Richard Louis Proenneke was an American self-educated naturalist, conservationist, writer, and wildlife photographer who, from the age of about 51, lived alone for nearly thirty years (1969–1999) in the mountains of Alaska in a log cabin that he constructed by hand near the shore of Twin Lakes. Proenneke hunted, fished, raised and gathered his own food, and also had supplies flown in occasionally. He documented his activities in journals and on film, and also recorded valuable meteorological and natural data. The journals and film were later used by others to write books and produce documentaries about his time in the wilderness.

Louis Cachet, better known as Varg Vikernes, is a Norwegian musician and writer best known for his early black metal albums and later crimes. His first four records, issued under the name Burzum from 1991 to 1994, made him one of the most influential figures in black metal. In 1994, he was convicted of murder and arson, and subsequently served 15 years in prison.

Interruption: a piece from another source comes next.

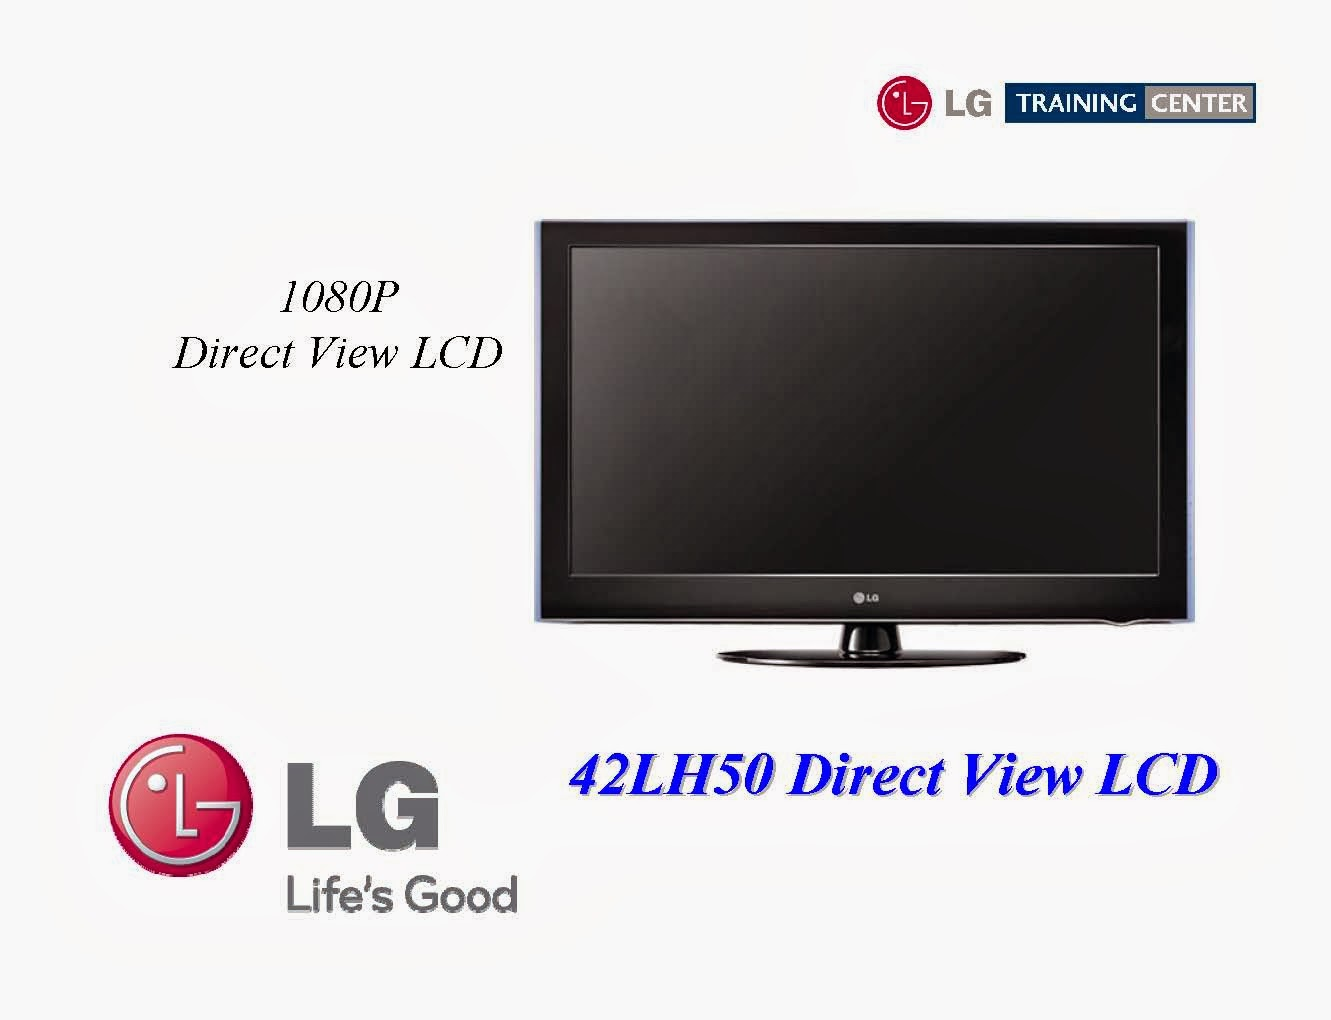 LG 42LH50 LCD (EEFL-Ballast) TV Training Manual

Bruce Duncan Zawalsky is a professional Canadian outdoorsman, Bushcraft instructor and author. He founded and owns the Boreal Wilderness Institute based in Edmonton, Alberta. He is the author of A Guide to Canadian Wilderness Survival published by Liard Books in 2017. Zawalsky guided his first backpacking group in the Rocky Mountains in 1981. In 1989, as part of a small six-person group in three canoes, he completed a 92-day 3,600 km canoe expedition between Rocky Mountain House, Alberta and Thunder Bay, Ontario. The expedition involved over 60 portages and 200 km of upstream river paddling, lining and poling, and was conducted as the completion of an Outdoor Education training program at the University of Alberta. He studied with the famed bushcraft expert Mors Kochanski, and at Augustana University College, PADI College, the Nordic Ski Institute and in the Canadian military. He has been a member of the Loyal Edmonton Regiment for more than 34 years.